▶ _To do_: Please return the lines below verbatim, beginning at the one that has "HOLLYWOOD JANE RUSSELL" and stopping after the one that has "At home with", and add no other lines.
Provided material START
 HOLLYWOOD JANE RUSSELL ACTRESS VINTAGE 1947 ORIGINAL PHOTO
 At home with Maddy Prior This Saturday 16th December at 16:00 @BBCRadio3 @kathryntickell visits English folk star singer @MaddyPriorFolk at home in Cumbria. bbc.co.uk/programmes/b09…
Provided material END
Provided material START
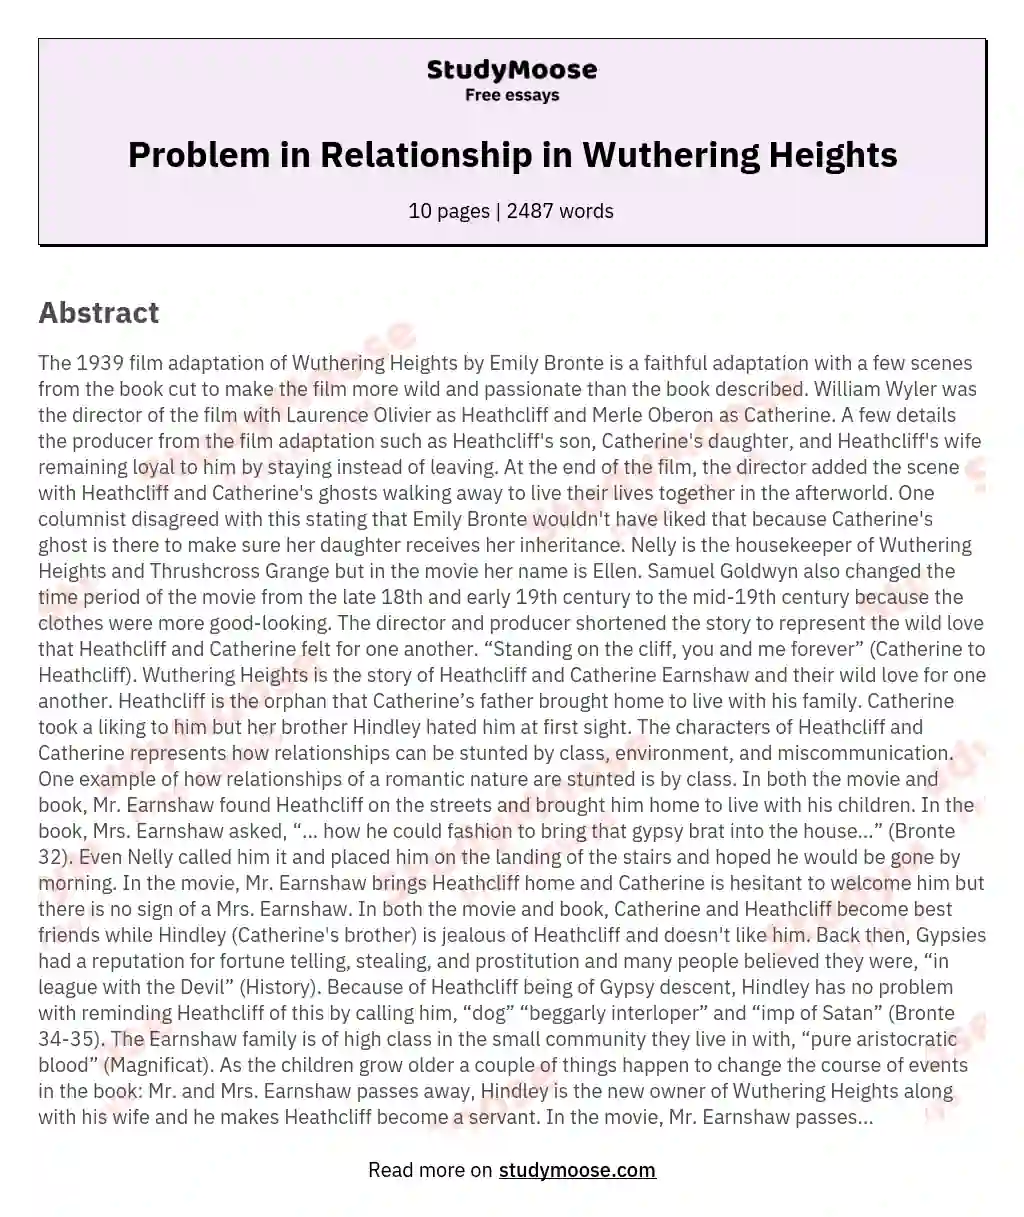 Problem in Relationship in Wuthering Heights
Provided material END
Provided material START
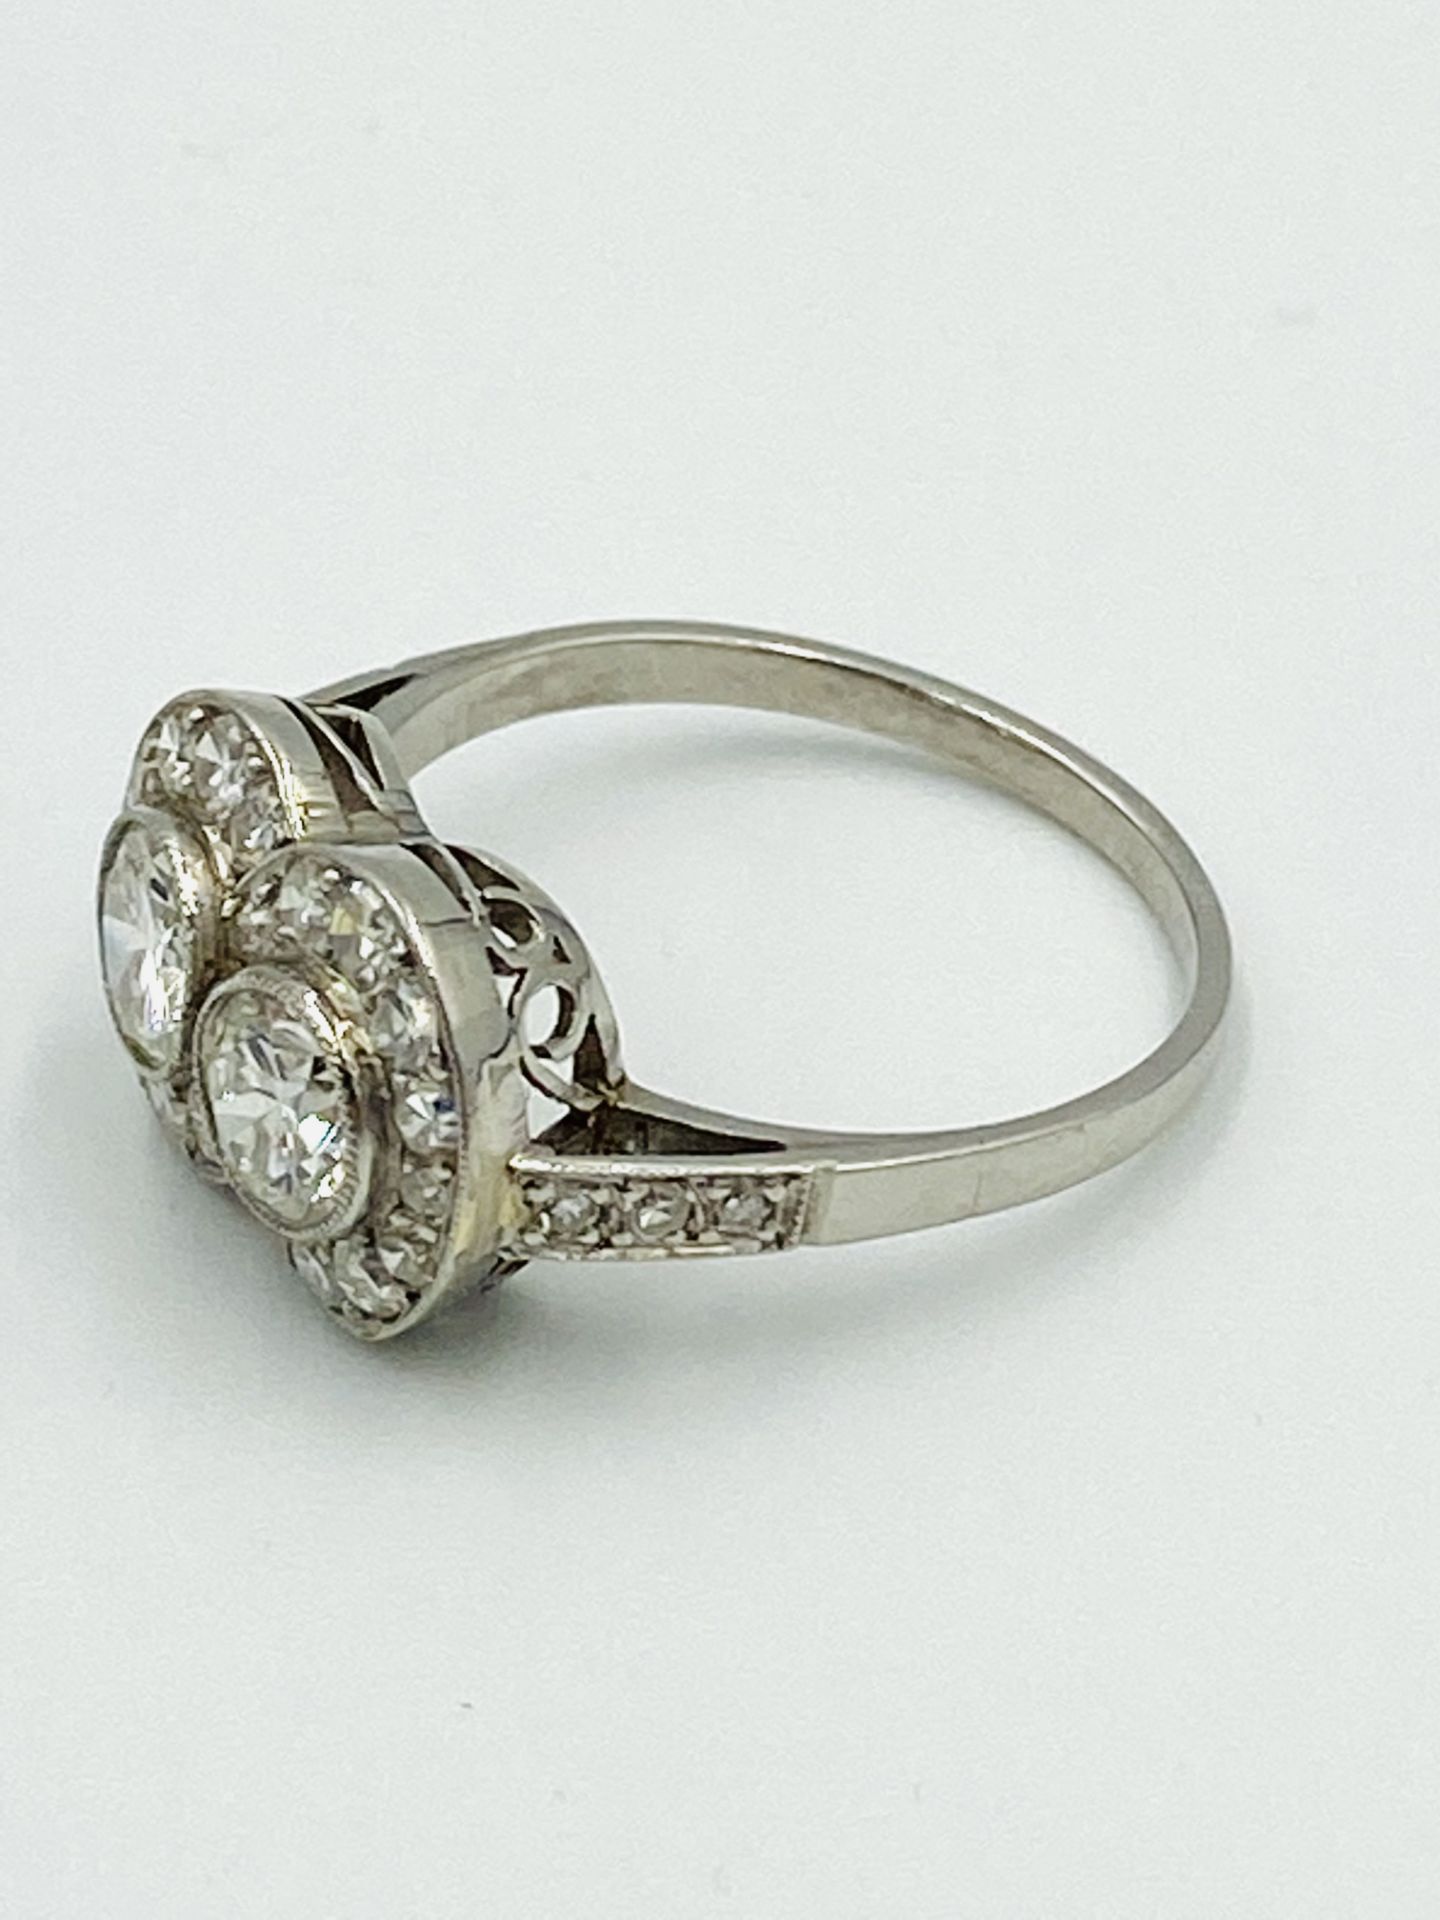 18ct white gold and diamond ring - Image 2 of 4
Provided material END
▶ _Answer section_:
 HOLLYWOOD JANE RUSSELL ACTRESS VINTAGE 1947 ORIGINAL PHOTO
 At home with Maddy Prior This Saturday 16th December at 16:00 @BBCRadio3 @kathryntickell visits English folk star singer @MaddyPriorFolk at home in Cumbria. bbc.co.uk/programmes/b09…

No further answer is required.